Hello everyone,
I am trying to call rare variants in pools of four tumor samples for a specific gene of interest. For that we did a amplicon next-generation sequencing on our pools. They all come tumor with a monosomy for the chromosome supporting our gene of interest.
I aligned the fastq files to the hg19 assembly using bwa mem and removed primers with BAMClipper (Au CH., 2017). I then take the union of three variant caller : Mutect2, HaplotypeCaller and Freebayes in single sample mode to call variants. A biological step of validation is made with Sanger sequencing for all potentially interesting variants.

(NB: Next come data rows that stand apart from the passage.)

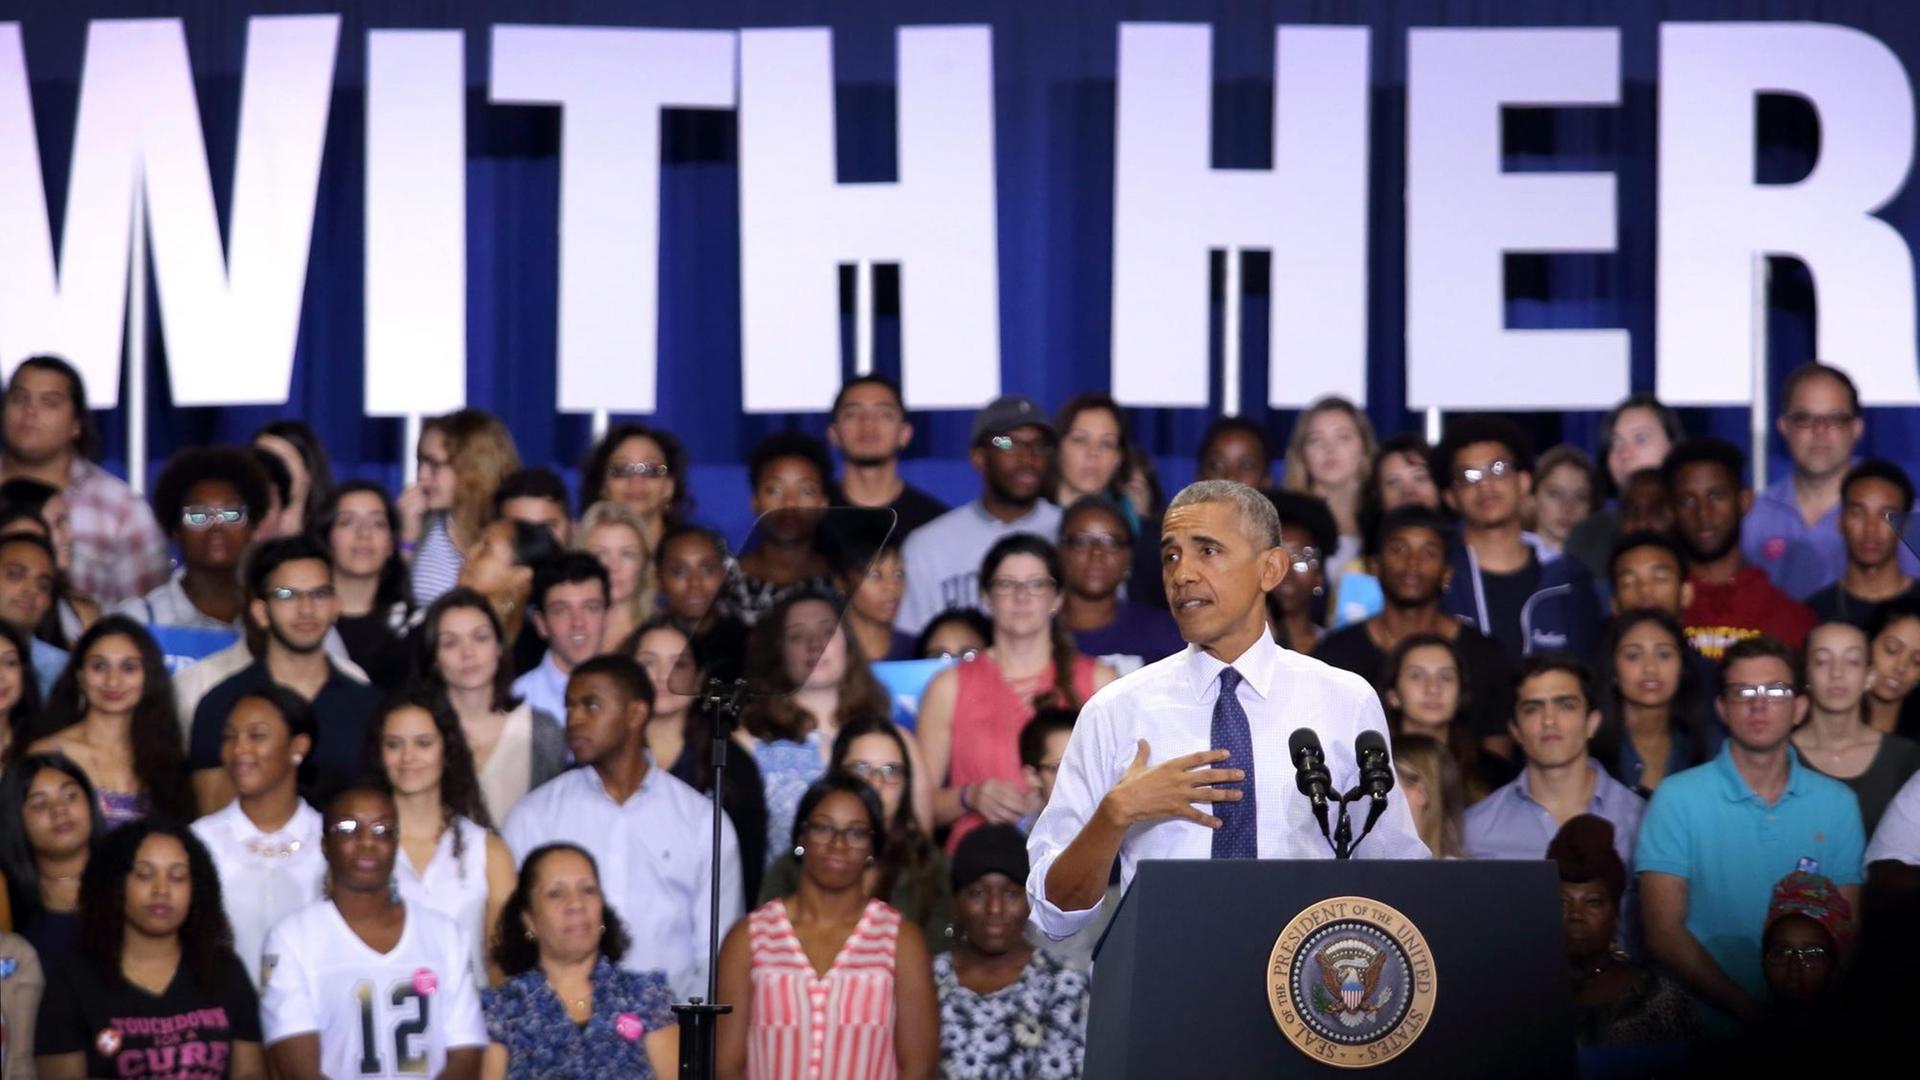 US-Präsident Barack Obama bei einem Auftritt am 3. November 2016 an der Internationalen Universität von Miami, Florida, zur Unterstützung der demokratischen Präsidentschaftskandidatin Hillary Clinton.
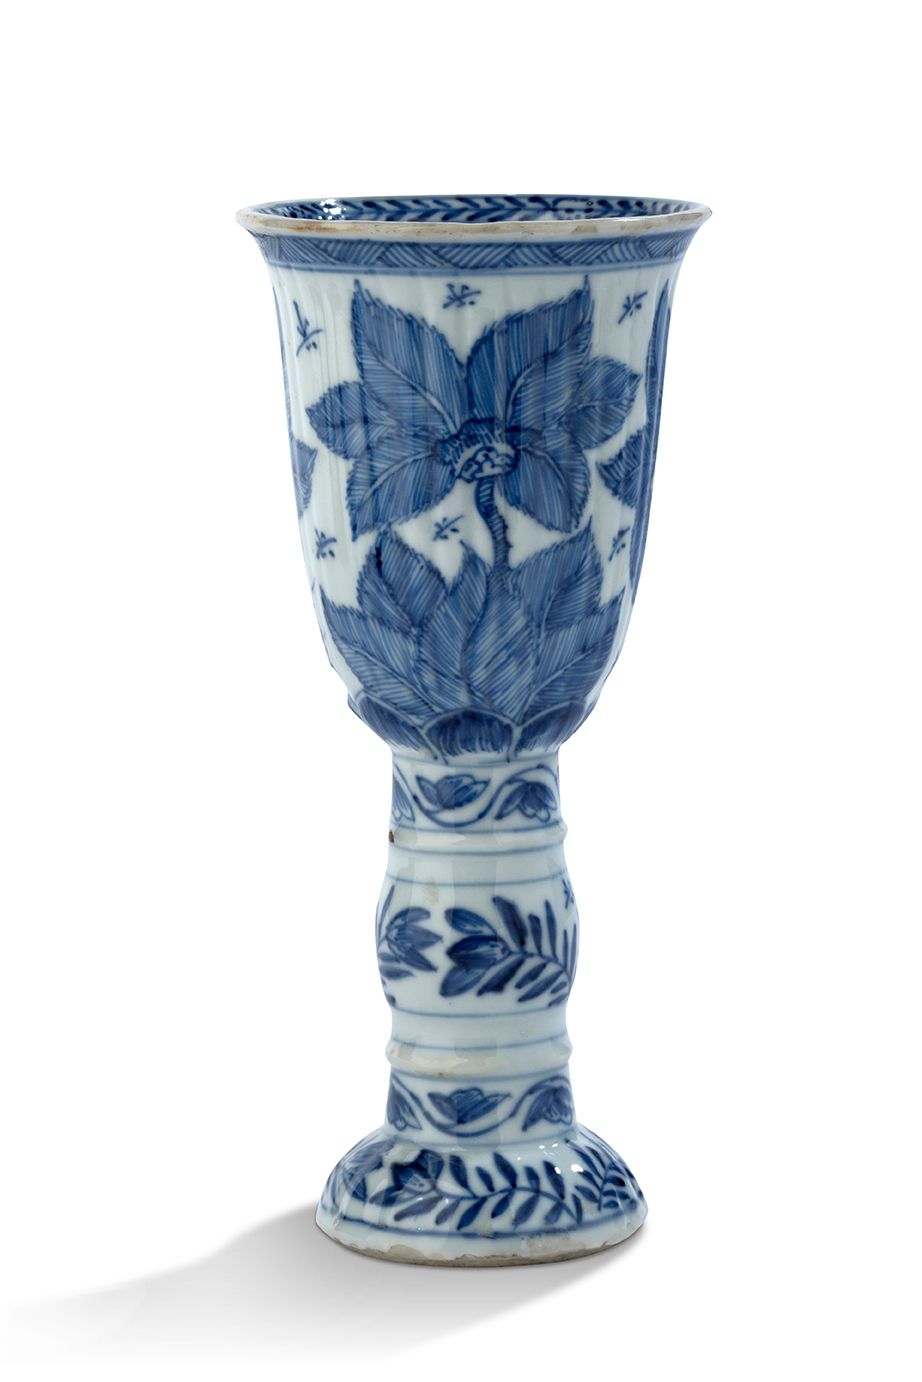 CHINE DYNASTIE QING, ÉPOQUE KANGXI (1661-1722) 中国清代，康熙时期（1661-1722年），青花瓷制高脚杯
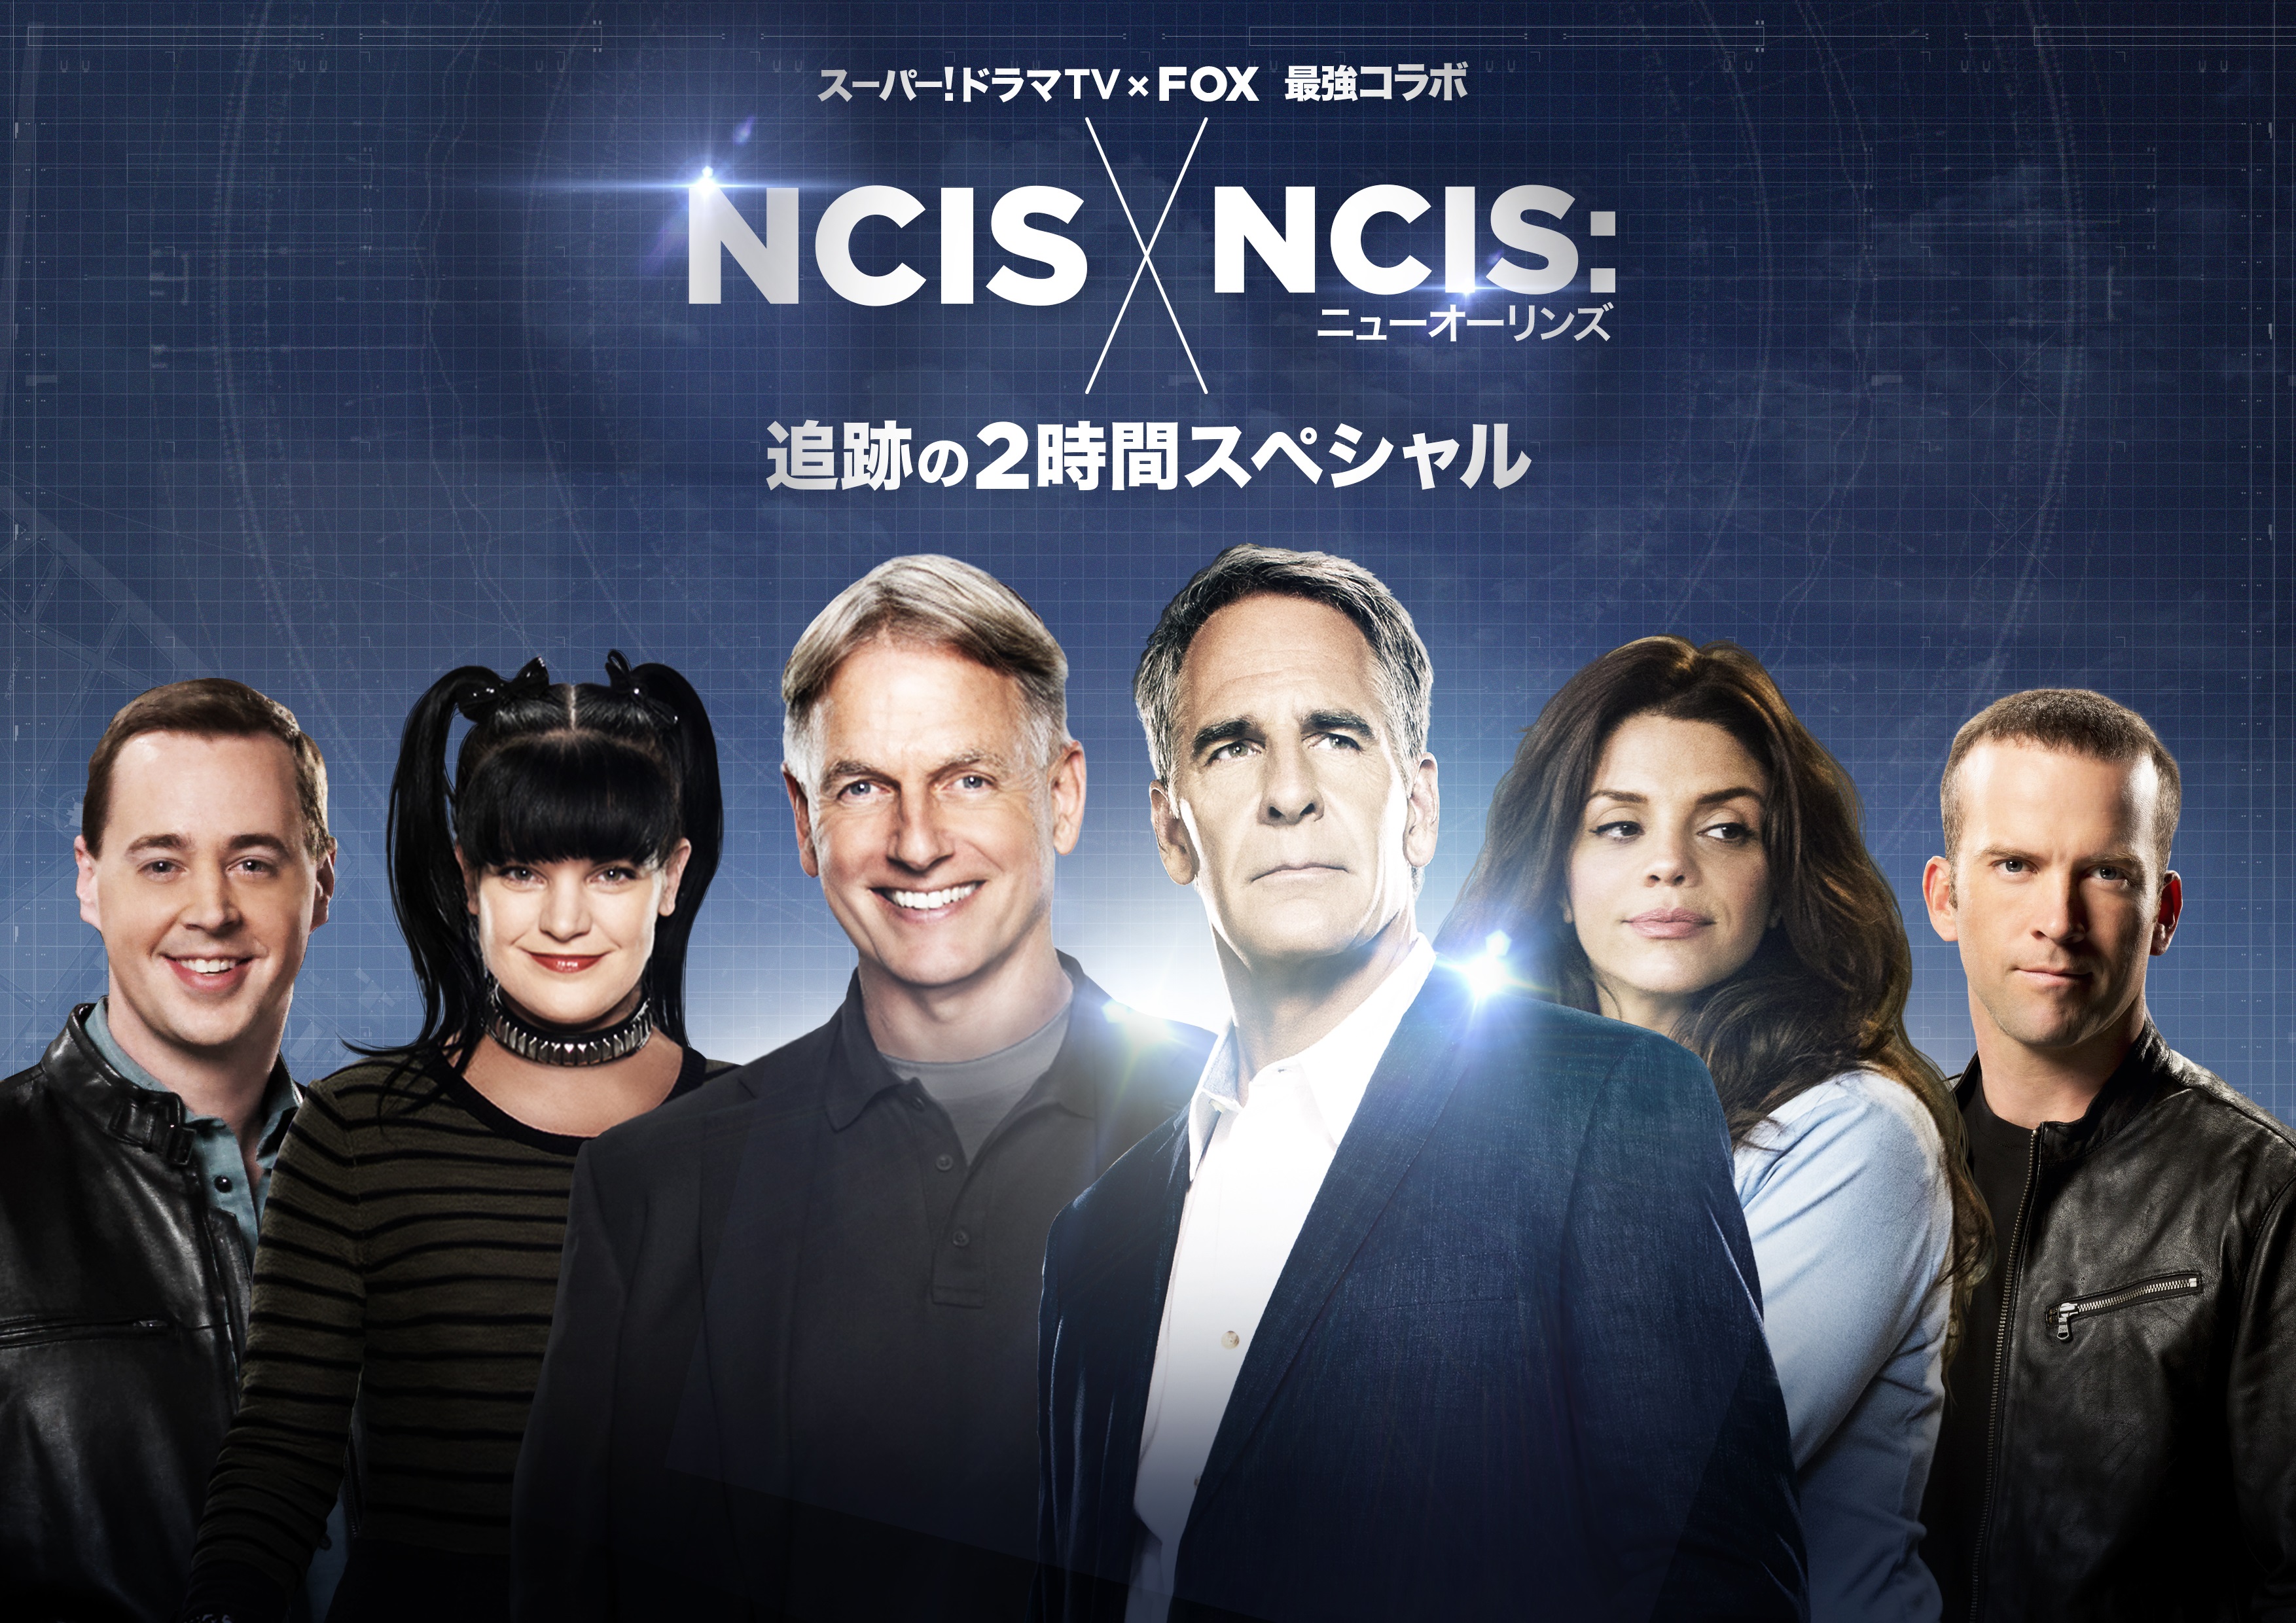 [SdTV]NCIS NO NCIS_Horizontal.jpg

The tools that I use take into parameter to call variants the ploidy of the pool (i.e for a pool of 8 germline DNA, the ploidy should be set to 16 - 8x2).
My question is the following : how should I adjust the ploidy parameter for pools of four monosomic tumor ?
My guess is that I should maybe increase the ploidy, and instead of setting it to 4 I should set it to 8 for instance because of the possible tumor contamination.
Does anyone have some thoughts or experience on cases like this ?
Best regards
Alexandre
For both MuTect2, HaplotypeCaller (no experience with FreeBayes)
So DNA was pooled, libraries made and sequenced? The four tumours are all from the same individual?
Is the amplicon panel only on the monosomic chromosome? Or are you using only the interval in gene of interest when calling variants (-L flag for M2, HC)? If so I would start with ploidy = 1 per sample and apply above formula. Otherwise ploidy = 2.